Excerpts from a dataset
-.-.-

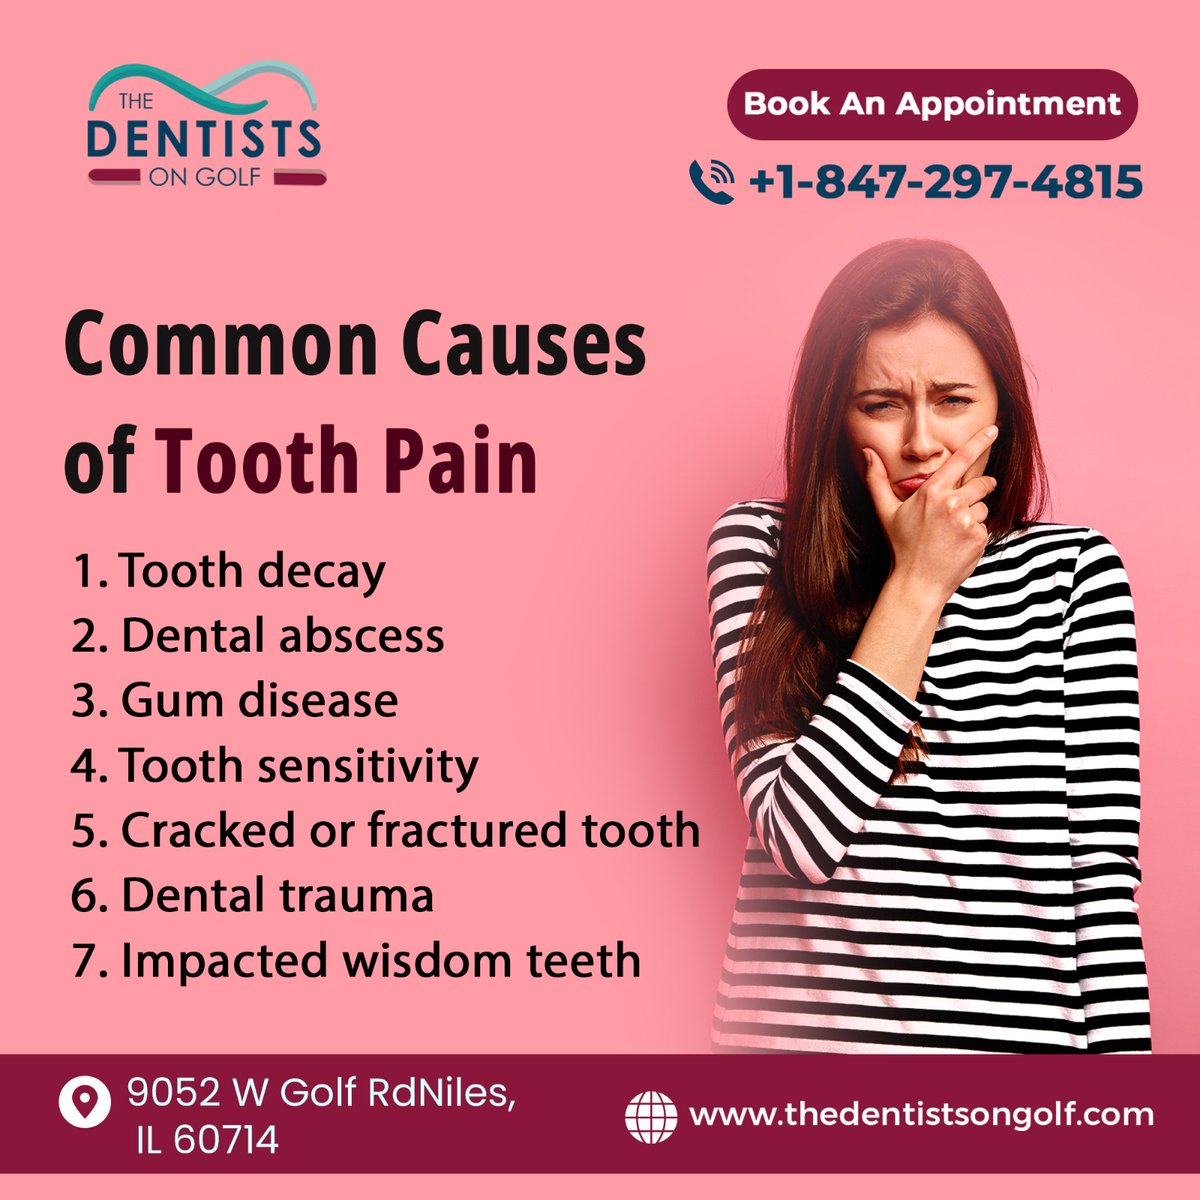 Experiencing tooth pain? Explore the various causes behind it, from cavities to gum problems.
.
For Appointments, contact us at 847-297-4815 or
Visit: thedentistsongolf.com 
.
#toothache #cosmeticdentistry #dentalcleaning 
#dentaltreatment #dentalveeners #dentalbonds #dentist

-.-.-

_Work required:_ For this exercise, please copy exactly the lines from the one holding "#toothache #cosmeticdentistry #dentalcleaning" through the end of the records, the first and last included.

_Solution for this task:_
#toothache #cosmeticdentistry #dentalcleaning 
#dentaltreatment #dentalveeners #dentalbonds #dentist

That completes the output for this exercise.